Hungarian Forint Foreign Exchange


Hungarian forint’s foreign exchange rate in troubled times, ends 2011 lower

Published on December 31, 2011 by   ·   No Comments

Hungary raised less than half as much as planned at a debt auction and the Hungarian forint’s foreign exchange rate dropped to a month low against major currencies on concern the government may not obtain international aid after two credit downgrades to junk status.

The Hungarian government sold 15 billion forint ($62 million) in bonds, 18 billion forint less than the target, at the auction today as borrowing costs rose to the highest in more than two years, while the state rejected all bids for three-year notes. The forint depreciated as much as 1.2 percent and traded 0.6 percent weaker at 310.7 per euro, the weakest on a closing basis since Nov. 25, at 5 p.m. in Budapest.

Standard & Poor’s cut Hungary to non-investment grade last week, following a similar downgrade by Moody’s Investors Service a month earlier, after the IMF and the EU suspended bailout talks with Hungary, citing proposed bills curbing the central bank’s independence. Lawmakers are scheduled to vote on the bills tomorrow.

“Hungary can’t finance itself from the market for long unless things begin to normalize,” Antero Atilla, a Copenhagen- based economist at Danske Bank A/S (DANSKE), wrote in an emailed response to questions. “With two downgrades already as kicks below the belt, it will be all the more difficult to climb back on the horse.”

The Debt Management Agency, known as AKK, sold 10 billion forint in 2017 securities at 9.63 percent from 8.72 percent on Dec. 15, and the highest cost since June 2009. The agency raised 5 billion forint in 2022 notes at 9.70 percent from 8.78 percent on Dec. 1 when that maturity was last sold. Investors bid for a total 45 billion forint in debt at today’s auction.

Policy Issues

The IMF has yet to decide on returning to Hungary for formal aid talks as the decision depends on the government engaging on key “policy issues,” Reuters reported yesterday, citing an IMF official.
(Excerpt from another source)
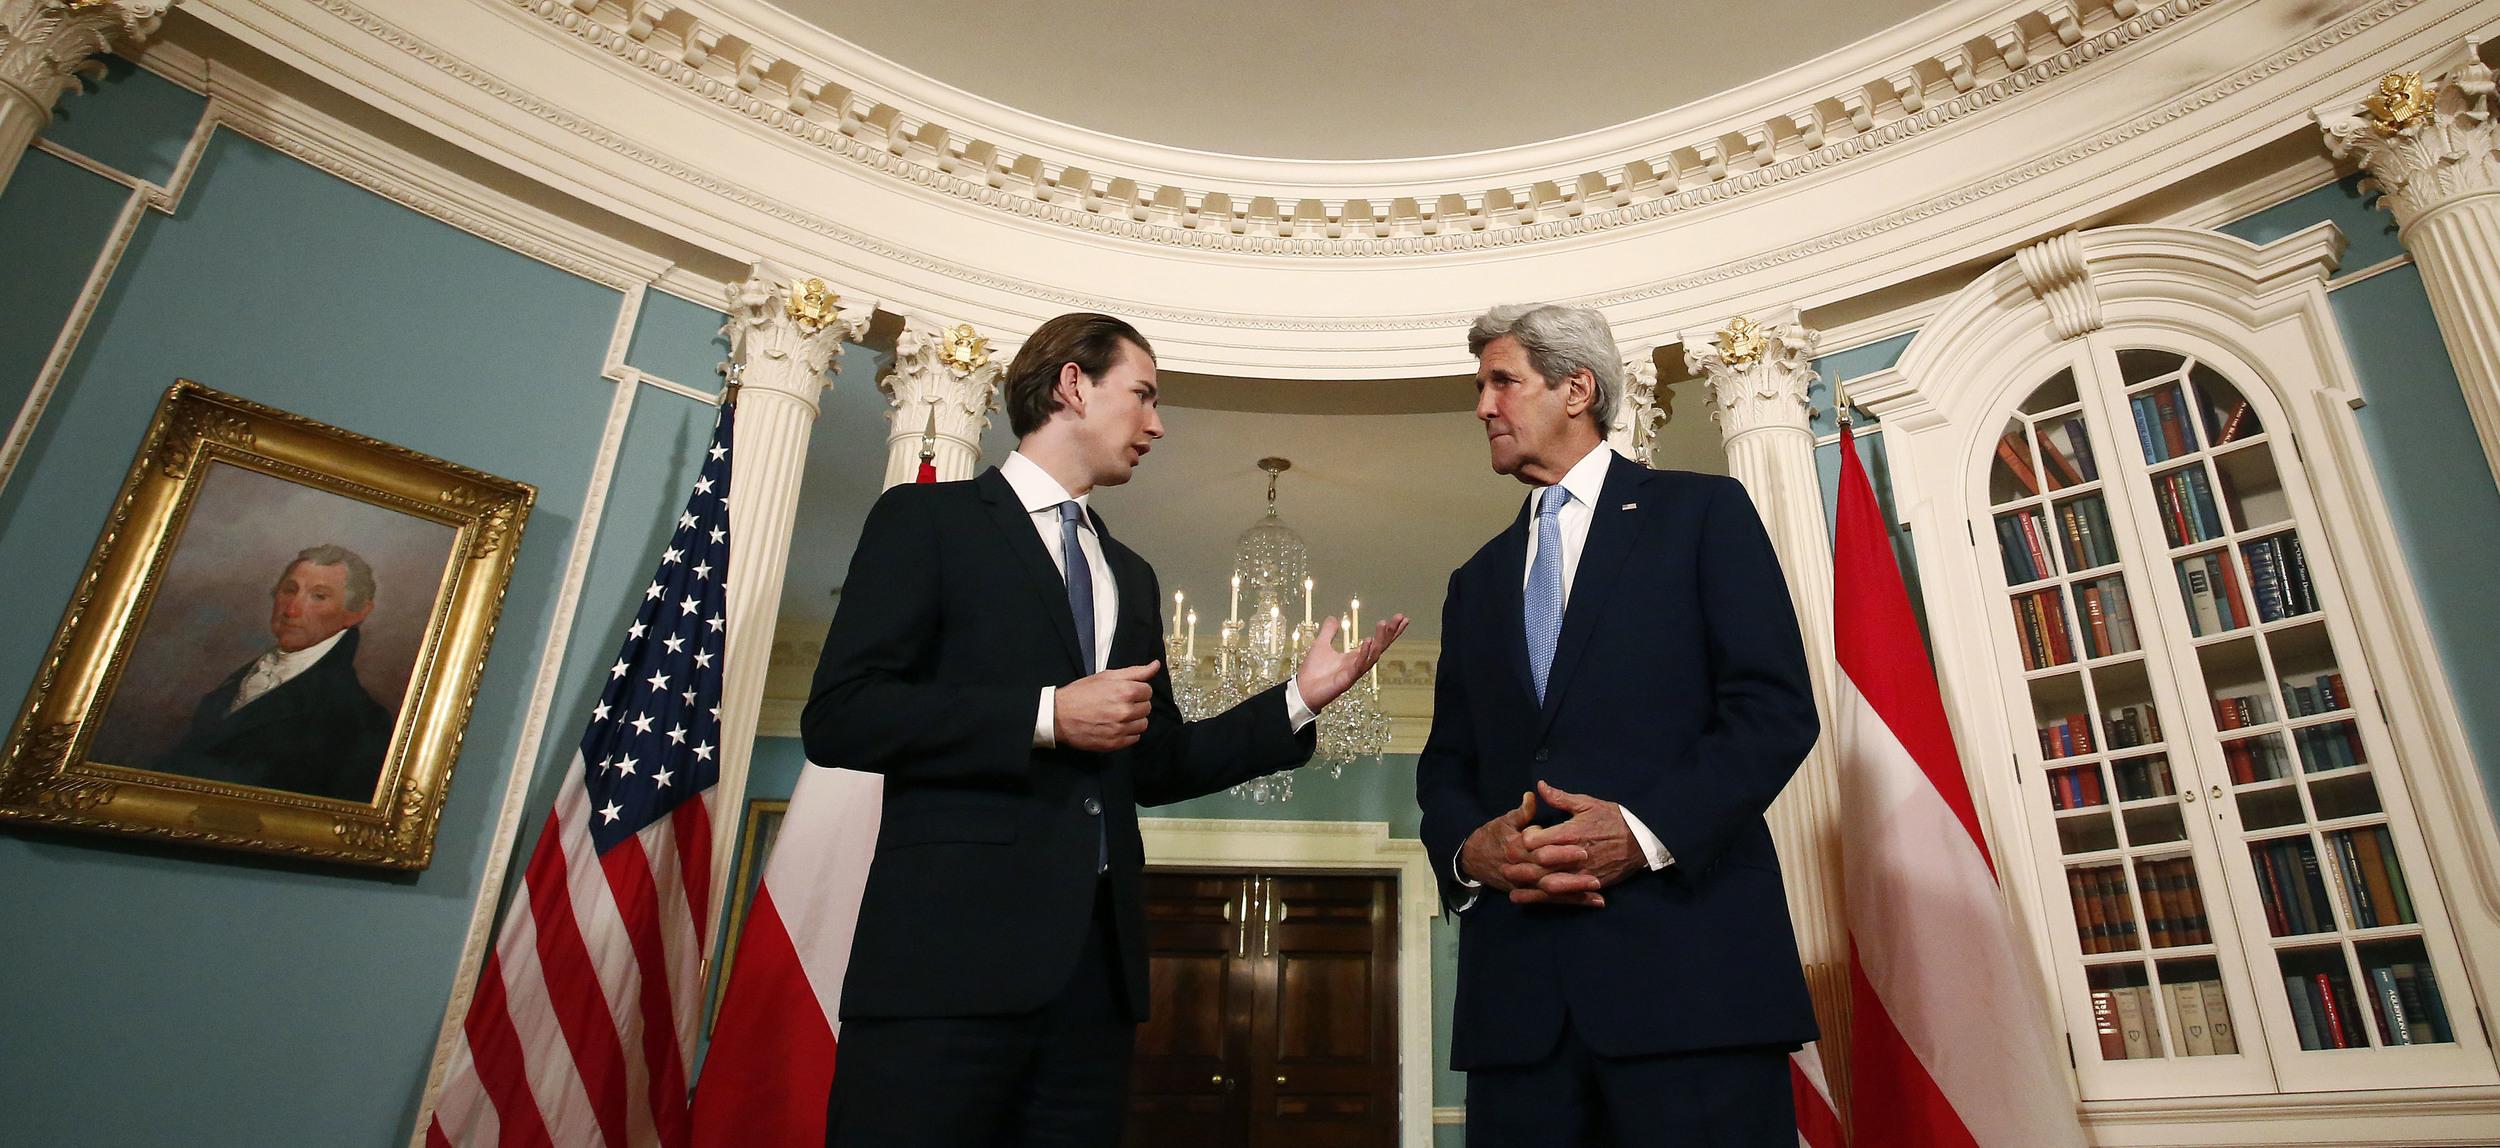 FM Kurz and Secretary Kerry before their meeting. Photo: Dragan Tatic

“The chance of an IMF-EU credit deal is receding,” Jozsef Miro and Gergely Gabler, Budapest-based analysts at Erste Group Bank AG, wrote in research reports today. “As long as there is no IMF credit line, the country will need to finance itself from the market and yields may be heading toward double digits after today’s unsuccessful auction.”

The secondary-market yield on the three year bonds rose 30 basis points, or 0.30 percentage point, to 9.20 percent while the 10-year yield jumped 27 basis points to 9.9 percent.

The Hungarian forint’s foreign exchange rate has lost 14 percent versus the euro since June, the biggest drop among more than 170 currencies for the second half of 2011.

Hungary’s currency has declined 10 percent this year, its worst performance since 2003, the year before the country joined the European Union. A weaker Hungarian forint boosts repayments on foreign currency debt for the government and households and risks driving banks’ losses.